Create a model script

If you create ML backend by using Label Studio’s ML SDK, you have to follow the rules:

Create a file model.py with the PyTorch model for ready for training and inference.

First create Dataset class that takes list of image URLs as input and produces batch of preprocessed images with corresponding labels.

import torch
import torch.nn as nn
import torch.optim as optim
import time

from torch.utils.data import Dataset, DataLoader
from torchvision import datasets, models, transforms

device = torch.device('cuda:0' if torch.cuda.is_available() else 'cpu')


class ImageClassifierDataset(Dataset):
        
    def __init__(self, image_urls, image_classes):
        self.images = []
        self.labels = []
        
        self.classes = list(set(image_classes))
        self.class_to_label = {c: i for i, c in enumerate(self.classes)}
        
        self.image_size = 224
        self.transforms = transforms.Compose([
            transforms.Resize(self.image_size),
            transforms.CenterCrop(self.image_size),
            transforms.ToTensor(),
            transforms.Normalize([0.485, 0.456, 0.406], [0.229, 0.224, 0.225])
        ])
        
        
        for image_url, image_class in zip(image_urls, image_classes):
            image = self._get_image_from_url(image_url)
            transformed_image = self.transforms(image)
            self.images.append(transformed_image)
            
            label = self.class_to_label[image_class]
            self.labels.append(label)
            
    def _get_image_from_url(self, url):
        pass
    
    def __getitem__(self, index):
        return self.images[index], self.labels[index]
    
    def __len__(self):
        return len(self.images)

As the next step let’s make a simple wrapper for pretrained ResNet model

class ImageClassifier(object):
    
    def __init__(self, num_classes):
        self.model = models.resnet18(pretrained=True)
        num_ftrs = self.model.fc.in_features
        self.model.fc = nn.Linear(num_ftrs, num_classes)
        
        self.model = self.model.to(device)
        
        self.criterion = nn.CrossEntropyLoss()
        self.optimizer = optim.SGD(self.model.parameters(), lr=0.001, momentum=0.9)
        
        # Decay LR by a factor of 0.1 every 7 epochs
        self.scheduler = optim.lr_scheduler.StepLR(self.optimizer, step_size=7, gamma=0.1)
    
    def save(self, path):
        torch.save(self.model.state_dict(), path)
    
    def load(self, path):
        self.model.load_state_dict(torch.load(path))
        self.model.eval()
        
    def train(self, dataloader, num_epochs=25):
        since = time.time()

        self.model.train()
        for epoch in range(num_epochs):
            print('Epoch {}/{}'.format(epoch, num_epochs - 1))
            print('-' * 10)
            
            running_loss = 0.0
            running_corrects = 0    
            # Iterate over data.
            for inputs, labels in dataloader:
                inputs = inputs.to(device)
                labels = labels.to(device)

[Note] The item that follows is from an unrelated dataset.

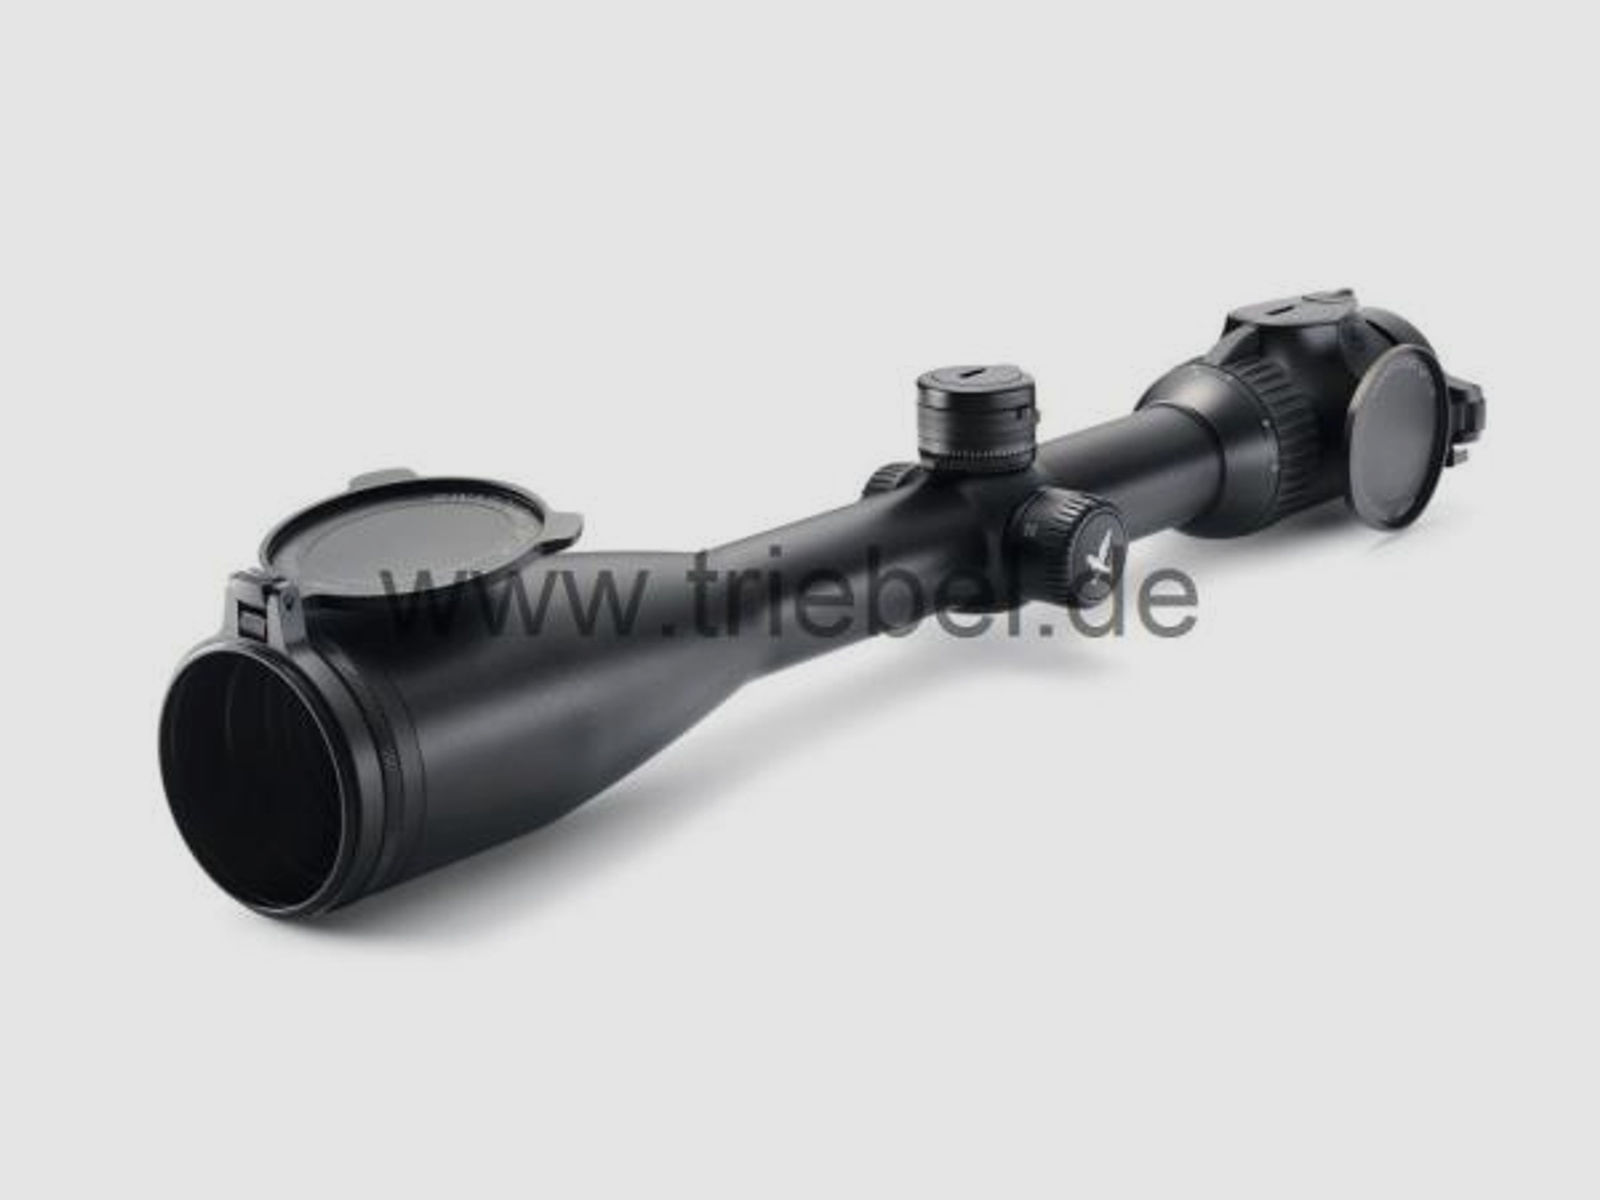 SWAROVSKI Zubehör für Zielfernrohre Objektivdeckel 50 mm SLP-O-50 f. Z8i, Z6(i), Z5, Z3, X5(i)

                self.optimizer.zero_grad()
                outputs = self.model(inputs)
                _, preds = torch.max(outputs, 1)
                loss = self.criterion(outputs, labels)
                loss.backward()
                self.optimizer.step()

                # statistics
                running_loss += loss.item() * inputs.size(0)
                running_corrects += torch.sum(preds == labels.data)
                self.scheduler.step()

            epoch_loss = running_loss / len(dataloader.dataset)
            epoch_acc = running_corrects.double() / len(dataloader.dataset)

            print('Train Loss: {:.4f} Acc: {:.4f}'.format(epoch_loss, epoch_acc))

        print()
    
        time_elapsed = time.time() - since
        print('Training complete in {:.0f}m {:.0f}s'.format(time_elapsed // 60, time_elapsed % 60))

        return self.model

Finally override API methods

from label_studio.ml import LabelStudioMLBase

class ImageClassifierAPI(LabelStudioMLBase):
    
    def __init__(self, **kwargs):
        self.model = ImageClassifier(resources['num_classes'])
        self.model.load(resources['model_path'])
        self.labels = resources['labels']
        
    def predict(self, tasks, **kwargs):
        pass

    def fit(self, completions, **kwargs):
        pass

Create ML backend configs & scripts

Label Studio can automatically create all necessary configs and scripts needed to run ML backend from your newly created model.

Let’s call ML backend my_backend and initialize ML backend directory ./my_backend:

label-studio-ml init my_backend

The last command takes your script ./model.py then creates ./my_backend directory at the same level and copies configs and scripts needed for launching ML backend either in development or production modes.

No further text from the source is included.